Я так крепко задумалась о своем печальном, что не сразу осознала смысл его слов. Я удивленно посмотрела на Фрэнка.
– Что ты говоришь?
– Я говорю, – терпеливо повторил он, – что стану брать Бри с собой на работу. Она может приходить из школы в университет и до конца рабочего дня играть в моем кабинете.
Я потерла нос.
– Мне казалось, что ты не одобряешь тех, кто приводит детей к себе на работу.
Помнится, он критиковал секретаршу, миссис Клэнси, месяц приводившую на службу внука, когда его мать заболела.
Фрэнк смущенно пожал плечами.
– Правда твоя, но всегда нужно подходить к делу индивидуально. К тому же не думаю, что Брианна так же, как Барт Клэнси, будет с криками бегать по коридору и брызгаться чернилами.
– Не берусь обещать, – засмеялась я. – Ты не шутишь?

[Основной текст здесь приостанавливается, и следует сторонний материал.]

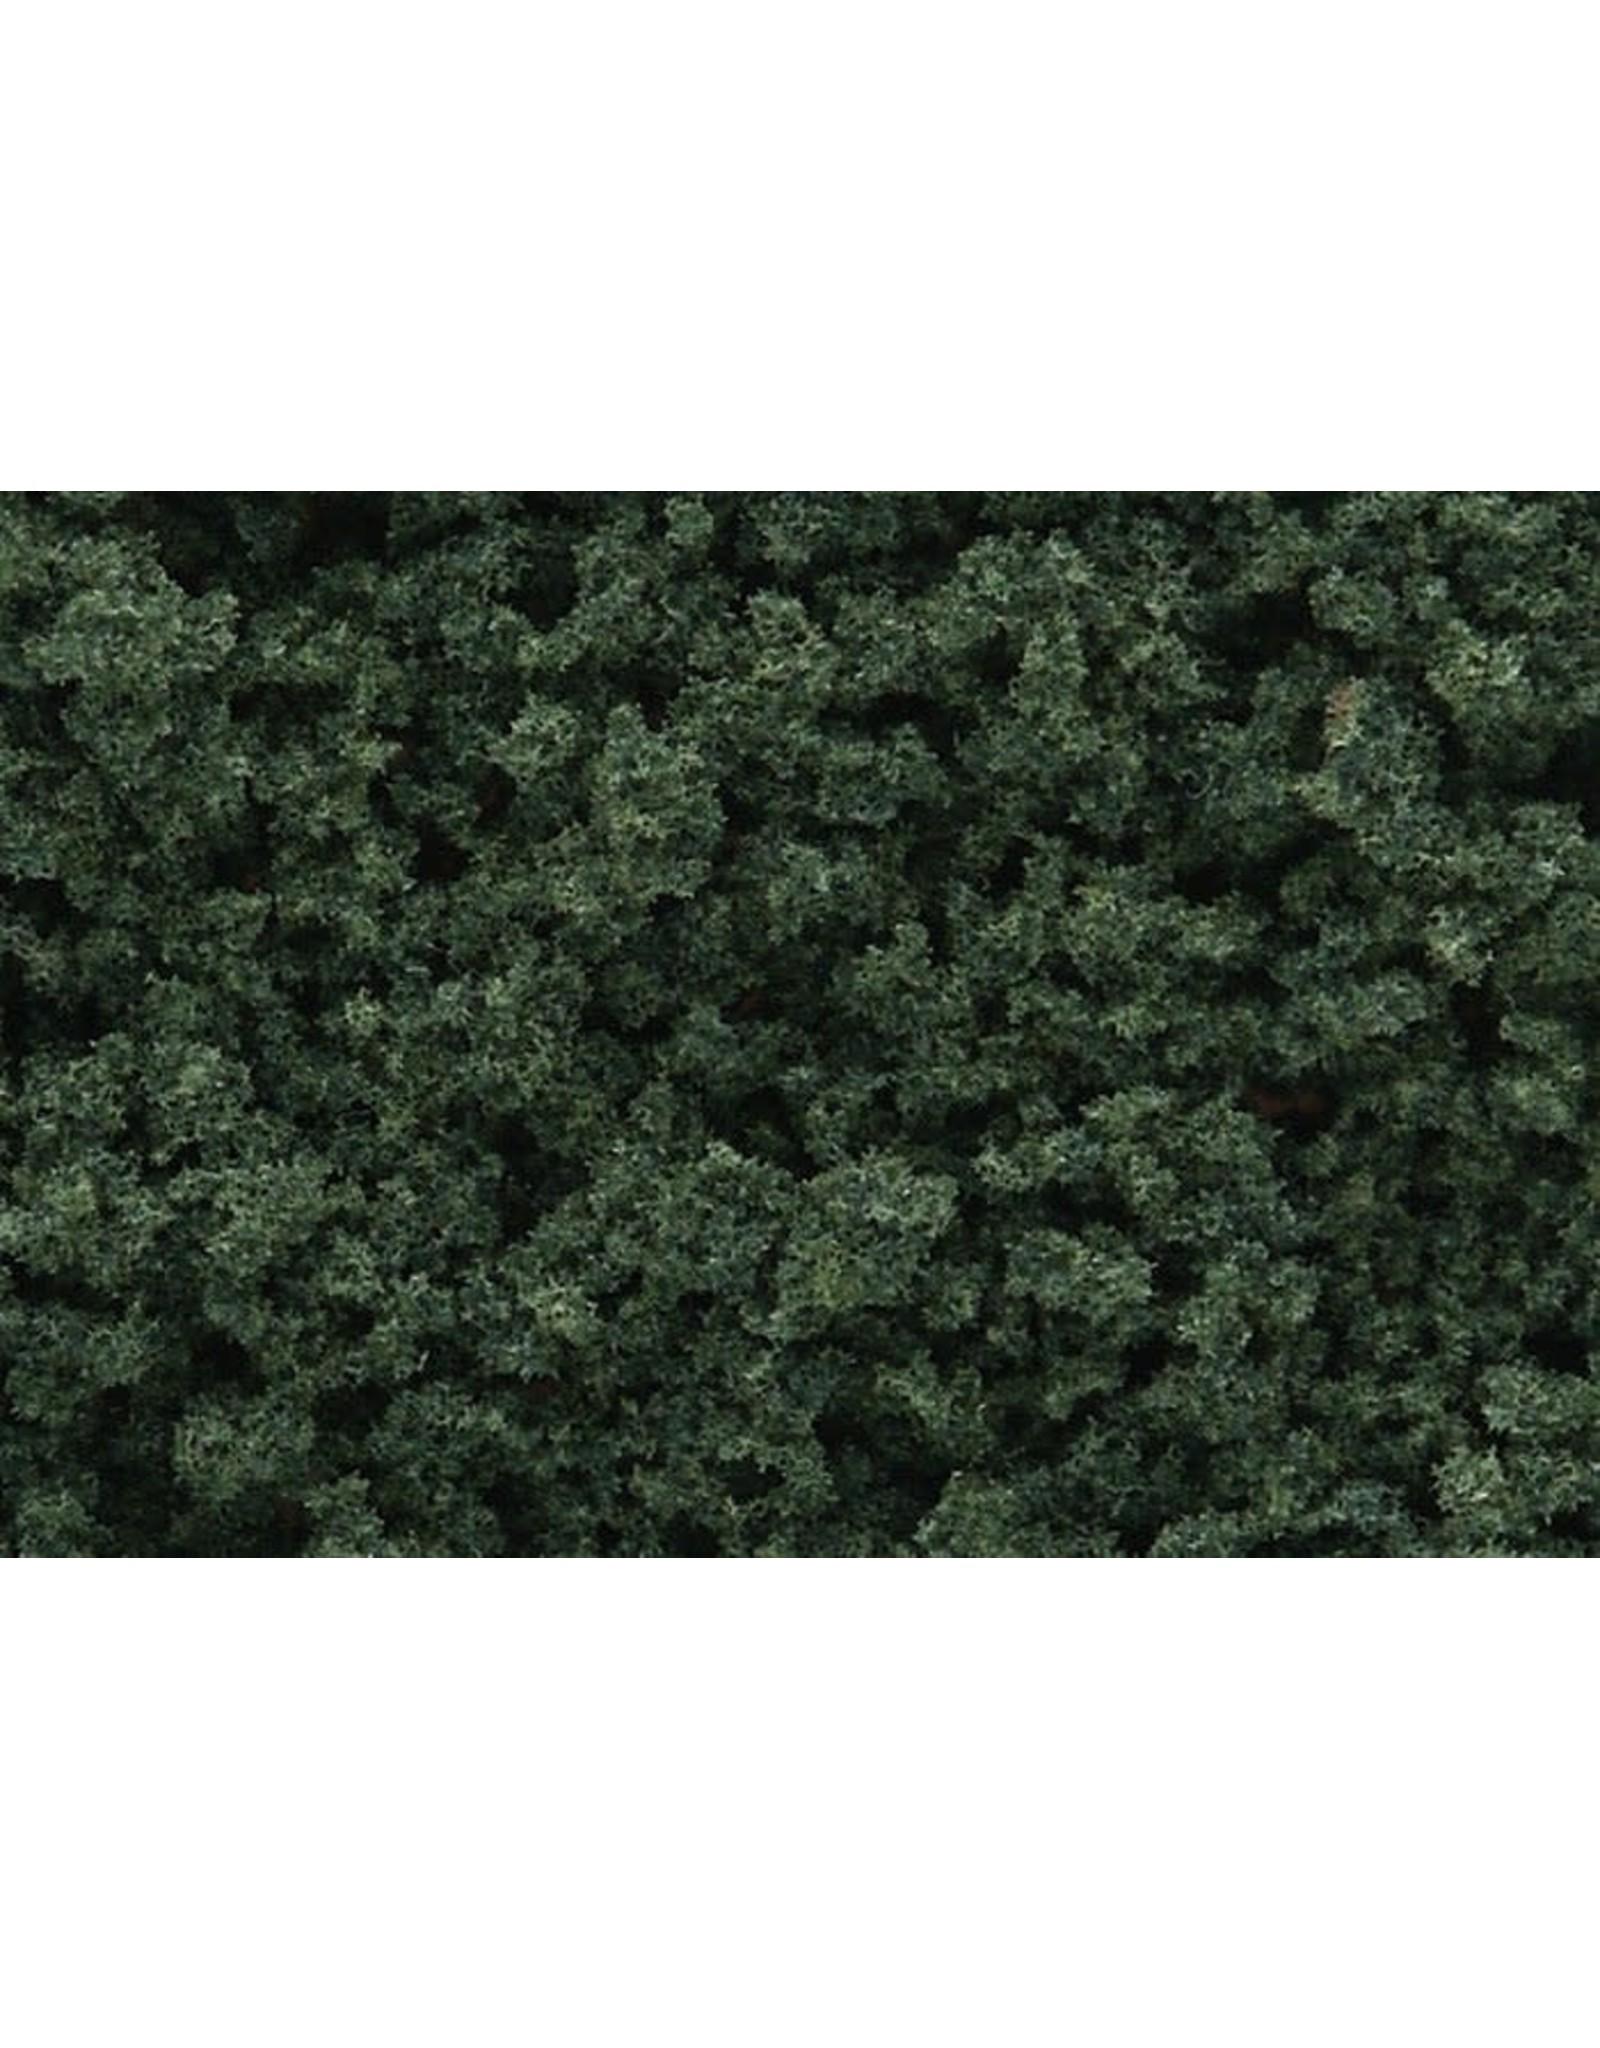 Woodland Scenics Underbrush Dark Green FC1637

Впрочем, было совершенно понятно, что предложение серьезно; внутри меня появилось, вначале совсем робкое и осторожное, облегчение. Я знала, что мне трудно ожидать от Фрэнка физической верности, и мне было прекрасно известно, что он ее не блюдет, но вот то, что он любит Бри, я знала наверняка, и сомневаться в этом не приходилось.
Таким неожиданным образом была решена, пожалуй, самая трудная житейская сложность. Теперь мне не требовалось торопиться домой из госпиталя в страхе, что уже поздно и Брианна снова плачет в своей комнате, потому что ей не нравится нянька. Но девочка любит Фрэнка и, конечно, обрадуется, узнав, что сможет каждый день оказываться у него на работе.
– Почему? – прямо спросила я. – Я отлично понимаю, что ты совершенно не в восторге от моей медицины.
– Не в восторге, – с готовностью согласился он. – Но дело не в этом. Я прекрасно понимаю, что тебя все равно не остановить, и, видимо, единственная существенная помощь, которую я могу тебе оказать, – это помочь тебе добиться цели, причем с наименьшим ущербом для Брианны.
Он слегка помрачнел и отвернулся.
– Если он когда-либо чувствовал, что в его жизни есть что-то главное, то, ради чего стоит жить, то это была Брианна, – завершила Клэр.
Несколько мгновений она молча мешала ложкой какао, а потом задала неожиданный вопрос:
– А почему вы об этом спрашиваете, Роджер? Почему вас это беспокоит?
Он ответил не сразу, медленными глотками попивая какао, крепкое, темное, со свежими сливками и крупинками коричневого сахара. Реалистке Фионе было достаточно одного взгляда на Брианну, чтобы отказаться от попыток покорить Роджера через желудок, но как Клэр была врачом божьей милостью, так и Фиона – поваром от бога и просто не умела готовить плохо.
– Наверное, потому, что я историк, – после паузы сказал Роджер и глянул на Клэр поверх чашки. – Мне следует знать. Моя задача заключается именно в том, чтобы узнавать, как жили люди, что делали и почему делали так, а не иначе.